Mailing List Archive

Failure cenarios?
I have come to understand that in some builds under some conditions varnish
may hang or a crash. (we run 1.0.4-3el4.i386.rpm)

I have now routed all our ~180 sites troug varnish, pipe by default, cached
for selected hostnames. Talk a bout all ones eggs in one basket :)

The way it is all set up, we have varnsih on port 80 on one IP and apache on
80 on another whch is not in use for anything directly.
If anything should hapen to varnish, or we need to upgrade or anything, 3
lines to netfilter wil reroute all the trafic directly to apache.

Now the question is, how do I best detect if varnsih should have a problem?
Would it be reasonably reliable to just chek if the pid
from /var/run/varnish.pid is running, do I need to fetch a page, or is there
some better way?

Gaute
Failure cenarios? [ In reply to ]
----- Gaute Amundsen <gaute at pht.no> wrote:
> I have come to understand that in some builds under some conditions
> varnish
> may hang or a crash. (we run 1.0.4-3el4.i386.rpm)

Hi Gaute,

I'll just say that in my experience Varnish has proven itself to be extremely stable. We actually run 1.0.3 across the board (yes I know there are known bugs, however we do not experience them at all) and Varnish currently serves up all requests at www.startsiden.no and www.abcnyheter.no. If anything breaks, it has not so far been varnish.

However our scenario is pretty different from yours, we have very few vhosts but each has a very high amount of traffic. There is little or no advanced VCL configuration at all on our sites. We're pretty close to the default. The two sites have a different setup with regards to placement of Varnish. One site runs with dedicated varnish servers, the other has varnish and apache2 on the same box.

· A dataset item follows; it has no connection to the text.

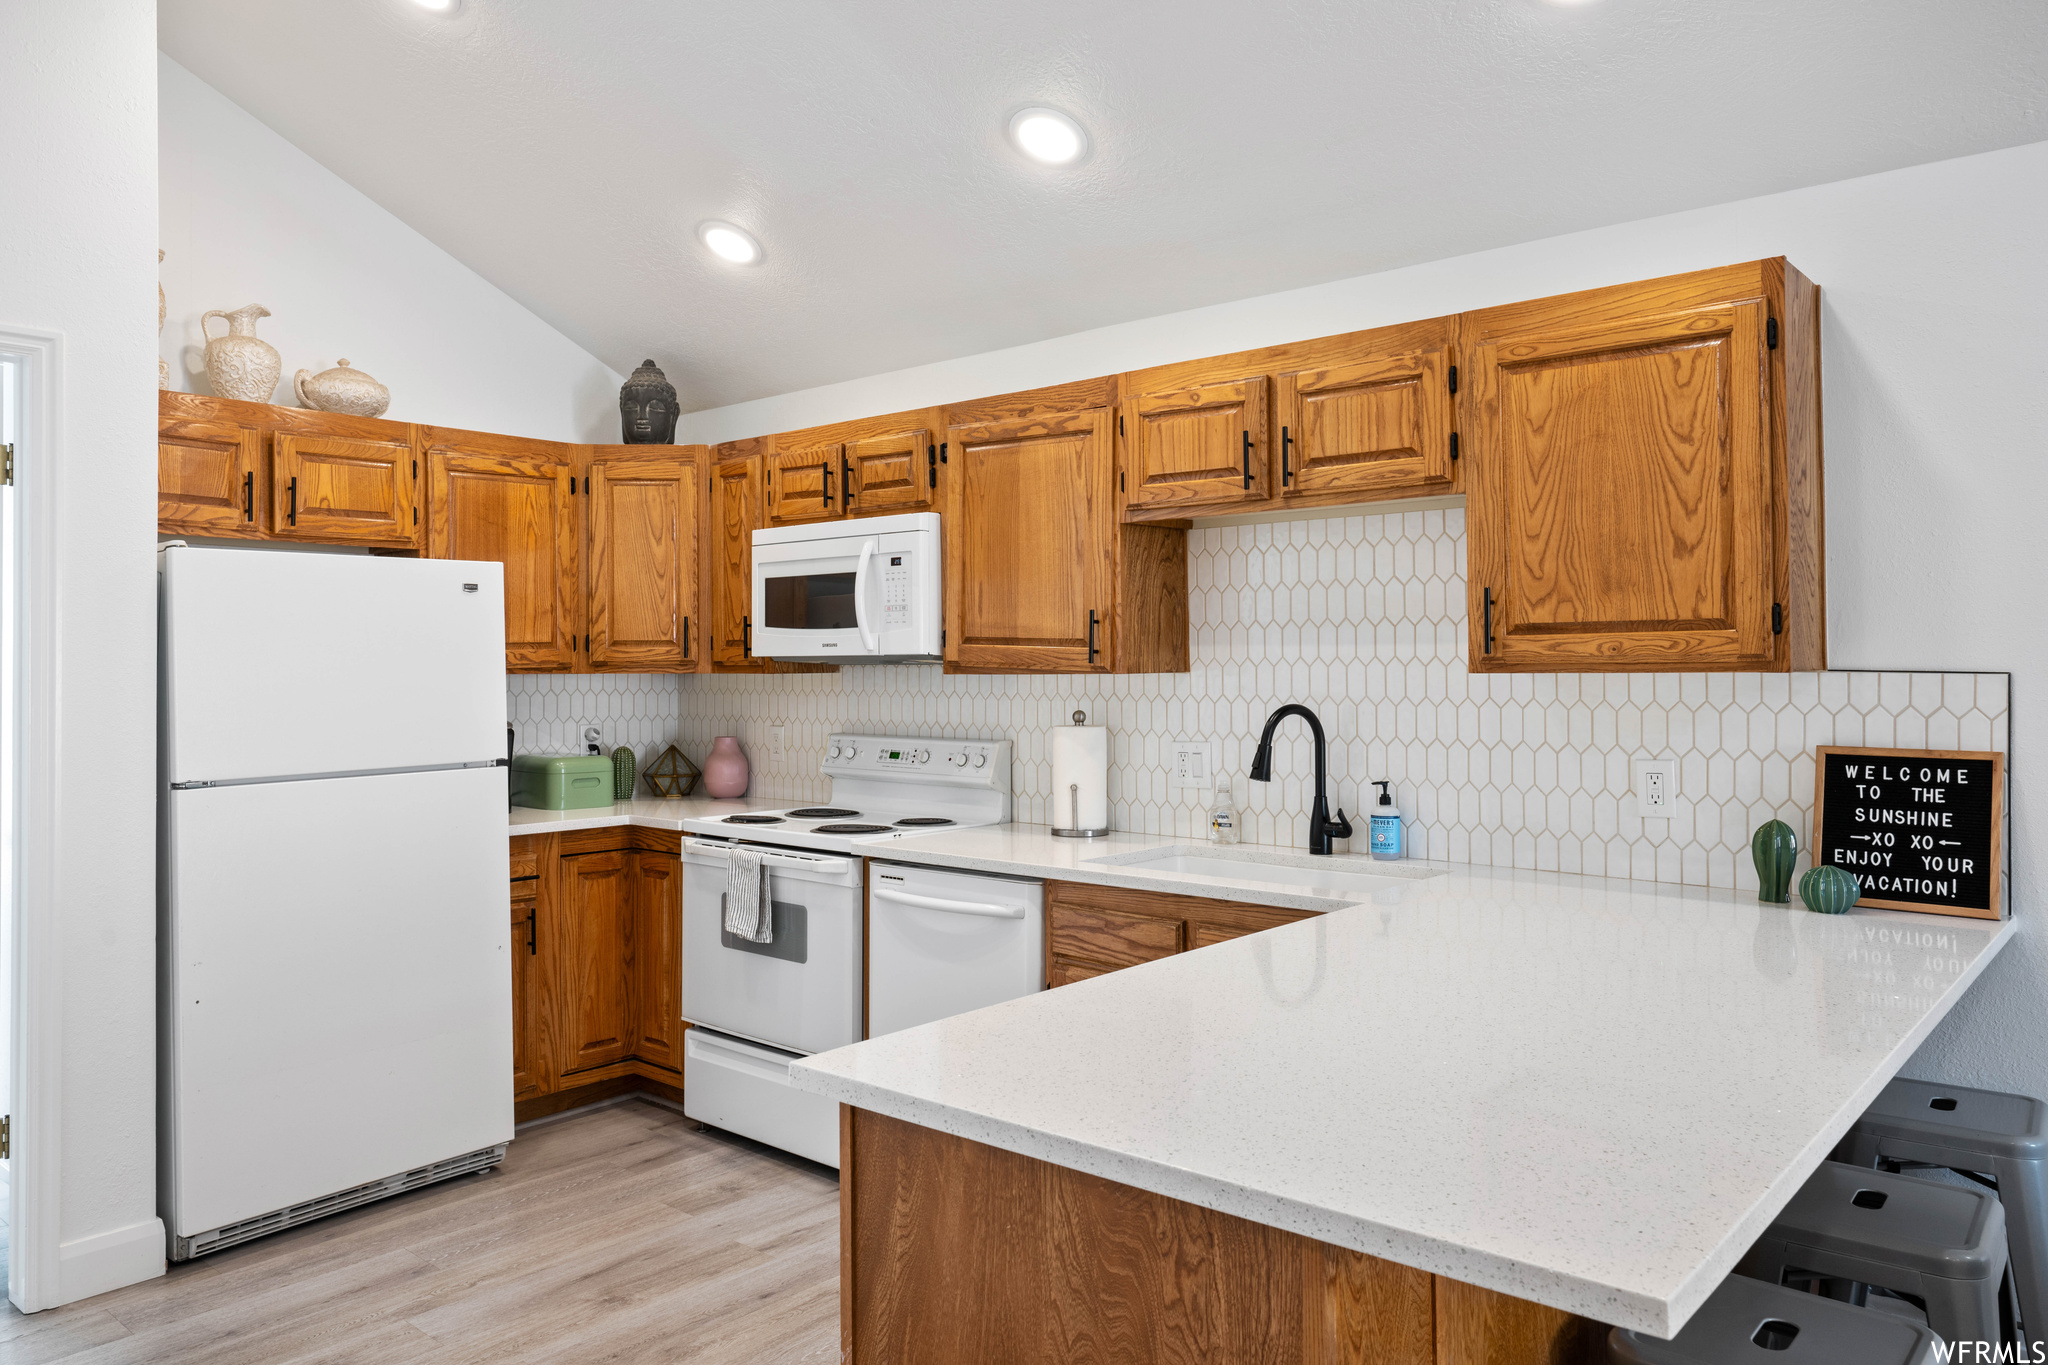 Kitchen featuring lofted ceiling, tasteful backsplash, white appliances, light hardwood / wood-style flooring, and kitchen peninsula

> Now the question is, how do I best detect if varnsih should have a
> problem?
> Would it be reasonably reliable to just chek if the pid
> from /var/run/varnish.pid is running, do I need to fetch a page, or is
> there
> some better way?

Well, we always monitor as high up as possible to make sure everything works on all levels. Lower level monitoring is useful too, but for pinpointing with more accuracy where the problem is.

Regards
--
Denis Braekhus - Teknisk Ansvarlig ABC Startsiden AS
http://www.startsiden.no
Failure cenarios? [ In reply to ]
Gaute Amundsen <gaute at pht.no> writes:
> Now the question is, how do I best detect if varnsih should have a
> problem? Would it be reasonably reliable to just chek if the pid from
> /var/run/varnish.pid is running, do I need to fetch a page, or is
> there some better way?

I would recommend retrieving a page (or a set of pages). Simply
checking the pid won't help you if Varnish has gone off into la-la land,
or been SIGSTOPped or something.

DES
--
Dag-Erling Sm?rgrav
Senior Software Developer
Linpro AS - www.linpro.no
Failure cenarios? [ In reply to ]
On Tuesday 03 July 2007 11:27, Dag-Erling Sm?rgrav wrote:
> Gaute Amundsen <gaute at pht.no> writes:
> > Now the question is, how do I best detect if varnsih should have a
> > problem? Would it be reasonably reliable to just chek if the pid from
> > /var/run/varnish.pid is running, do I need to fetch a page, or is
> > there some better way?
>
> I would recommend retrieving a page (or a set of pages). Simply
> checking the pid won't help you if Varnish has gone off into la-la land,
> or been SIGSTOPped or something.
>
> DES

Not what I _wanted_ to hear, but what I expected i guess :)

Gaute
Failure cenarios? [ In reply to ]
Gaute Amundsen wrote:
> On Tuesday 03 July 2007 11:27, Dag-Erling Sm?rgrav wrote:
>
>>
>> I would recommend retrieving a page (or a set of pages). Simply
>> checking the pid won't help you if Varnish has gone off into la-la land,
>> or been SIGSTOPped or something.
>>
>> DES
>>
> Not what I _wanted_ to hear, but what I expected i guess :)
>

I use monit for monitoring programs. Here is a snippet I had used when
monitoring a varnish install (too bad it never went into production;
change values to you liking / environment):

##
## Check Varnishd
check process varnishd with pidfile /var/run/varnishd.pid
start program = "/etc/init.d/varnishd start"
stop program = "/etc/init.d/varnishd stop"
if cpu > 60% for 2 cycles then alert
if cpu > 80% for 5 cycles then alert
if children > 50 then alert
if loadavg(5min) greater than 5 for 2 cycles then alert
if 3 restarts within 3 cycles then timeout
if failed host ipaddy port 80 type tcp then restart
if failed host ipaddy port 8080 type tcp send "ping\r\n" then restart

Monit also allows you to check the response using a regex, though I
never got it to work. Check the manual at
http://www.tildeslash.com/monit/doc/manual.php#connection_testing

Also, maybe you can use swatch to monitor its log file for nasty things
and automatically restart it / email you when it happens?

-- james
Failure cenarios? [ In reply to ]
James Quacinella wrote:
> I use monit for monitoring programs. Here is a snippet I had used when
> monitoring a varnish install (too bad it never went into production;
> change values to you liking / environment):
>

A Billion thanks to you :)
I have been looking for a tool that could do this for me.

Regards
A.S